----- RECORDS SUPPLIED

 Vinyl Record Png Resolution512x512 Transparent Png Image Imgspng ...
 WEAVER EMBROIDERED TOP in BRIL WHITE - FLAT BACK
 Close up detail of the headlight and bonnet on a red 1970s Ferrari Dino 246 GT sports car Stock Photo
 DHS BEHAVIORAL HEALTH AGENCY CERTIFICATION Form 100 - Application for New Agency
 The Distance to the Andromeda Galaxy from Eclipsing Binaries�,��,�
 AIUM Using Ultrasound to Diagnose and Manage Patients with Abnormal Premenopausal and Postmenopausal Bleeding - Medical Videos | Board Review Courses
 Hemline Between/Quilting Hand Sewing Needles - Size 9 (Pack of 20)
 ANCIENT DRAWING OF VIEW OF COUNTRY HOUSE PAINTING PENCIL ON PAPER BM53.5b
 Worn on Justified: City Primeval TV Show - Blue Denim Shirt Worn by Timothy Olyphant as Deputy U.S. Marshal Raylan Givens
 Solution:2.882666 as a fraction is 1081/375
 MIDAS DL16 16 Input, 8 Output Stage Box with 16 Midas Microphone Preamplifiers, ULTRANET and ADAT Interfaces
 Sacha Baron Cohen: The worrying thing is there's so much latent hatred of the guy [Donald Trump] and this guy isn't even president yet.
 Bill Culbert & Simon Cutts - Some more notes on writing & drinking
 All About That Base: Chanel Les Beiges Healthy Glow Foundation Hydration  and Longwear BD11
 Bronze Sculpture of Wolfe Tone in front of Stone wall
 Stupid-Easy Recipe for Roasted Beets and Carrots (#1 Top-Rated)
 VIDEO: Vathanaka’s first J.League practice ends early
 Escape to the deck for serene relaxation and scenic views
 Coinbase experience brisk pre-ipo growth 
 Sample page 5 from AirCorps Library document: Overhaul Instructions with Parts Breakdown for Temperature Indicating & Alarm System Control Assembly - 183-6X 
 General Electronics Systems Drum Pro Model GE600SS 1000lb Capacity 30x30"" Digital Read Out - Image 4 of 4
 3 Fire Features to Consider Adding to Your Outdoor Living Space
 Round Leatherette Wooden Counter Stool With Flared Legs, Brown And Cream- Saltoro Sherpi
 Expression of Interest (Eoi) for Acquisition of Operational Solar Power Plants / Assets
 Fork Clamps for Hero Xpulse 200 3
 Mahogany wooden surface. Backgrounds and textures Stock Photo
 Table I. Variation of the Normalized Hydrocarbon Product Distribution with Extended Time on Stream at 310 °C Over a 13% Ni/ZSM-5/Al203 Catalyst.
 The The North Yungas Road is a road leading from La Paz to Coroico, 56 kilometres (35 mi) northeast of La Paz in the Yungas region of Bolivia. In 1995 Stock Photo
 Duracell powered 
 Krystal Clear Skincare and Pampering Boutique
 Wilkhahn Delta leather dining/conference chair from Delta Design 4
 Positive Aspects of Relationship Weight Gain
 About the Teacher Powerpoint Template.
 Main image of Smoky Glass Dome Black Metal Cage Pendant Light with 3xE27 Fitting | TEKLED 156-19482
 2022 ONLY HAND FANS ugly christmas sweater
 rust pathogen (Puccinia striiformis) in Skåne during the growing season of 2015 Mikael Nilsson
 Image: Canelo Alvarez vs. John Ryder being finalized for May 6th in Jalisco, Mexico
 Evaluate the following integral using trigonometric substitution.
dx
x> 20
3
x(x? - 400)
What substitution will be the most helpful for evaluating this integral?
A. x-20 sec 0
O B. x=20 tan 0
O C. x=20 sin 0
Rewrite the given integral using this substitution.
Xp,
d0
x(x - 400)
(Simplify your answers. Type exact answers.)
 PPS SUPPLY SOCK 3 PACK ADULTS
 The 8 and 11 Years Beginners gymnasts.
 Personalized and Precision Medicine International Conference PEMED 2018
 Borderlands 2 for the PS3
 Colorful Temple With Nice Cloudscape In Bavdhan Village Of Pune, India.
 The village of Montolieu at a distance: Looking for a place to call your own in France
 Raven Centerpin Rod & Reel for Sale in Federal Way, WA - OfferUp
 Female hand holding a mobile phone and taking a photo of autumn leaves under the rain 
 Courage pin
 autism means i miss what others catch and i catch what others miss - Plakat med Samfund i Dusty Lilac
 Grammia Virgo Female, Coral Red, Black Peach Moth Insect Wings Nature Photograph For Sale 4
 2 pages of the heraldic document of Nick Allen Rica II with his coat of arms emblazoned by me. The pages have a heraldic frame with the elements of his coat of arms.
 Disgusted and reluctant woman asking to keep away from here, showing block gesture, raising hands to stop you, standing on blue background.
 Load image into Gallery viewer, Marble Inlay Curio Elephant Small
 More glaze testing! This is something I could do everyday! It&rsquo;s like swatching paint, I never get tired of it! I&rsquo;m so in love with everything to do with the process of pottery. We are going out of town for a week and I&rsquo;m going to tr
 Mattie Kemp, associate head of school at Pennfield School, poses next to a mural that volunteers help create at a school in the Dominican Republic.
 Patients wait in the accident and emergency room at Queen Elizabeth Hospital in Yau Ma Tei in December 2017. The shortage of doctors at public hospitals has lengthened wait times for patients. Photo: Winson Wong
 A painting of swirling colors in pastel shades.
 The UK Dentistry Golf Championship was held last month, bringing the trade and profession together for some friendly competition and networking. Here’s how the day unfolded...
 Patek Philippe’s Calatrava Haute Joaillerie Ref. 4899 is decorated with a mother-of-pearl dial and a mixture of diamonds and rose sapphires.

----------

Using the material above, transcribe exactly the lines from the line with "The 8 and 11 Years Beginners gymnasts." to the line with "Disgusted and reluctant"; both count, and nothing else goes in.

 The 8 and 11 Years Beginners gymnasts.
 Personalized and Precision Medicine International Conference PEMED 2018
 Borderlands 2 for the PS3
 Colorful Temple With Nice Cloudscape In Bavdhan Village Of Pune, India.
 The village of Montolieu at a distance: Looking for a place to call your own in France
 Raven Centerpin Rod & Reel for Sale in Federal Way, WA - OfferUp
 Female hand holding a mobile phone and taking a photo of autumn leaves under the rain 
 Courage pin
 autism means i miss what others catch and i catch what others miss - Plakat med Samfund i Dusty Lilac
 Grammia Virgo Female, Coral Red, Black Peach Moth Insect Wings Nature Photograph For Sale 4
 2 pages of the heraldic document of Nick Allen Rica II with his coat of arms emblazoned by me. The pages have a heraldic frame with the elements of his coat of arms.
 Disgusted and reluctant woman asking to keep away from here, showing block gesture, raising hands to stop you, standing on blue background.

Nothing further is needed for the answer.